Clinical studies for rare diseases have always presented challenges. From investigator training to data collection, researching rare disease is mired with condition-specific obstacles that slow development and place an enormous burden on patients wanting to participate in a potentially life-saving clinical trial. By leveraging Xperiome’s ground-breaking rare disease knowledge bank powered by patients, combined with Science 37’s technology-first Decentralized Clinical Trial Operating System, sponsors can more effectively run a decentralized clinical trial to speed the development of therapies.
“At Science 37, our purpose of enabling universal access for clinical research is predicated on making it easier for patients to participate,” said David Coman, CEO of Science 37. “The burden is typically doubled in rare disease studies, as it’s usually not just the patient alone traveling to-and-from an investigator site. By partnering with Xperiome, with their deep understanding of rare disease coupled with the ability to match the right patients to the right studies, we can help design more patient-centric decentralized studies, reduce patient burden, and provide more opportunity to participate which ultimately, accelerates the development of treatments that impact patients’ lives.”
“Current site-based models can cause unnecessary burdens to patients, and these burdens could potentially stop them from taking part in clinical research,” said Jeremy Edwards, CEO of Xperiome. “We know from our vast experience and research that a lot of patients want to contribute and help with rare disease drug research. Science 37’s unique technology-based Operating System, along with its mobile nurses and telemedicine investigators’ networks, enables in-home data collection and exams while maintaining interaction with clinicians. Giving rare disease patients the option to participate in trials regardless of where they live in the world will be a real game-changer for rare disease research.”

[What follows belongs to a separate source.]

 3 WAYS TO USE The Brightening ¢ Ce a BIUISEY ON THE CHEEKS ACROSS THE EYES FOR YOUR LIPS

Science 37 continues to lead in conducting rare diseases decentralized clinical studies offering configurable technology solutions for the ever-pressing needs requisite for rare disorders’ unique manifestations and characteristics. With the most advanced technology and telemedicine expertise, Science 37 also trains research-naive physicians, enabling them to be investigators without costly infrastructure costs while maintaining their patient relationship.

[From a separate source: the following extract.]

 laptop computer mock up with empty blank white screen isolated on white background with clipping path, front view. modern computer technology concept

“Rare disease research requires thoughtful orchestration. With our technology-first Operating System, we can configure a truly patient-centric approach, as we bring research directly to patients, enable investigators and speed to market potentially life-saving treatments,” said Coman.
About Science 37
Science 37 enables universal access to clinical research—making it easier for patients and providers to participate and accelerating the development of new and innovative treatments that impact patient lives.

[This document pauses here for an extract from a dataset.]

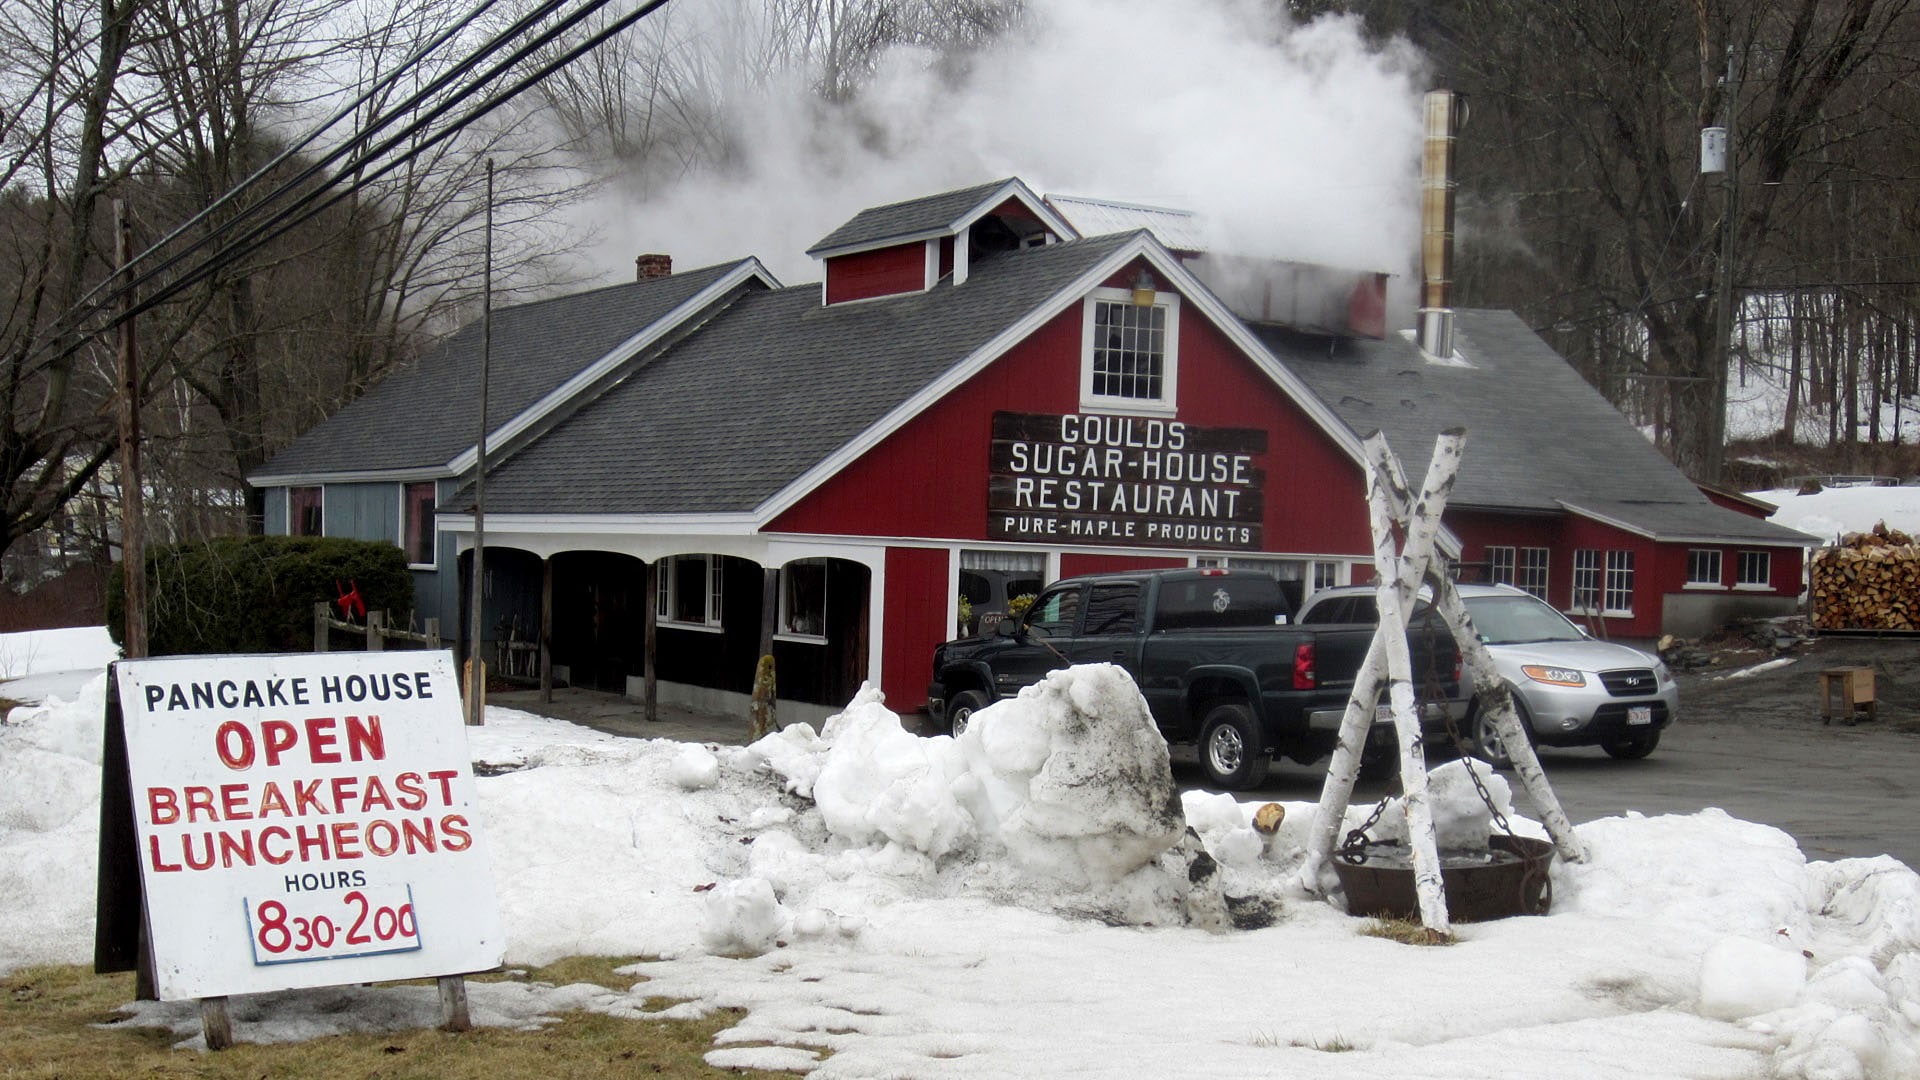 Road Trip to Maple Sugar Shacks in New England

With the industry’s first and only, technology-first Decentralized Clinical Trial Operating System™ (DCT OS), we enable workflow orchestration, evidence generation and data harmonization on a unified, seamless platform—configurable to enable any study and fused with our expansive networks of telemedicine investigators, mobile nurses, remote coordinators, patient communities and connected devices.
About Xperiome
Xperiome is a global healthtech company that helps pharma get to know rare disease patients and their conditions faster by delivering deep insights into the patient experience.
We have created Raremark as the place for the lived experience of rare disease. Raremark supports every stage of a patient’s health odyssey: a community to crowdsource wisdom, a library to catalog the lived experience, and a matching engine to find research opportunities.